I have the same problem as @FduJyy on Detectron.
When I run your suggested tests I get this:
============================= test session starts ============================= platform linux2 -- Python 2.7.14, pytest-3.5.0, py-1.5.3, pluggy-0.6.0 -- /home/joaofayad/anaconda3/envs/detectron/bin/python cachedir: .pytest_cache rootdir: /home/joaofayad/detectron, inifile: collected 34 items
lib/core/test_engine.py::test_net_on_dataset ERROR [ 2%]
=================================== ERRORS ==================================== ____ ERROR at setup of test_net_on_dataset ____ file /home/joaofayad/detectron/lib/core/test_engine.py, line 126 def test_net_on_dataset( E fixture 'weights_file' not found > available fixtures: cache, capfd, capfdbinary, caplog, capsys, capsysbinary, doctest_namespace, monkeypatch, pytestconfig, record_property, record_xml_attribute, record_xml_property, recwarn, tmpdir, tmpdir_factory > use 'pytest --fixtures [testpath]' for help on them.
@pjh5 @joaofayad Sorry for replying late. Thanks to @NovenBae's advice, I solved this problem by compiling caffe2 from source using conda build (referring to the official website).

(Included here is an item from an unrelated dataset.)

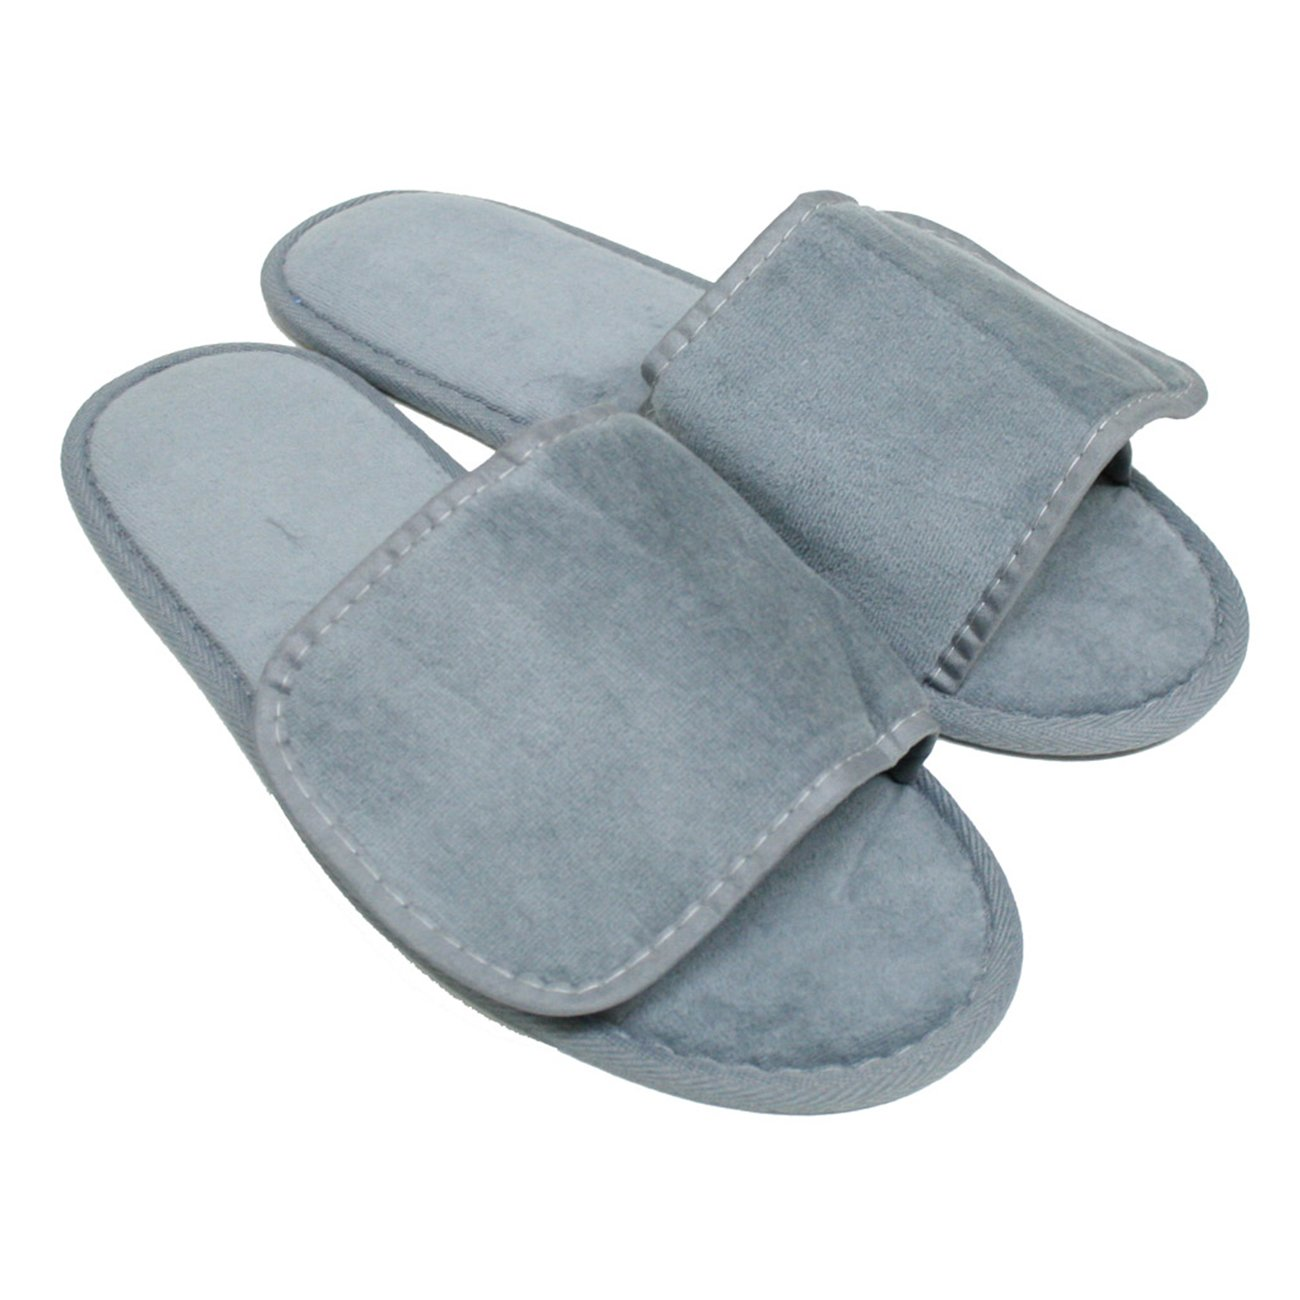 Terry Nylon Fabric Closure Open Toe Unisex Slippers Wholesale 100 Pcs (One Size 11'', Cool Grey)

Now everything is OK and Detectron runs well.
@pjh5 @joaofayad @FduJyy I am having the same problem. I have installed my caffe2 with the pre-bild binaries code. Everything is working and the GPU test is returning 1. And when I run the detectron installation test, I am encountering this same FAILED (failures=1, errors=1) error. I have used CUDA8 and cuDNN7 for the installation. When I run pjh5's test, they failed with ImportError. I am using an Azure DSVM, and the X2Go interface is not letting me copy-paste. So I took a snippet of the screen: Now, I am going to try reinstalling the caffe2 from the main website (build from source). @FduJyy was this what you meant? Without using the conda install -c caffe2 caffe2-cuda8.0-cudnn7 and instead using a list of pip install commands? Thank you!
@FduJyy I met the exact same problem and was able to solve it with your method. Thanks!
If this is a build issue, please fill out the template below.
System information
I installed Caffe2 via pre-built binaries using
conda install -c caffe2 caffe2-cuda9.0-cudnn7
and came across a problem. It seems that a file called "libnccl.so.2" is missing. I cloned the nccl library and compiled it but didn't find any file called "libnccl.so.2". This problem is still unsolved.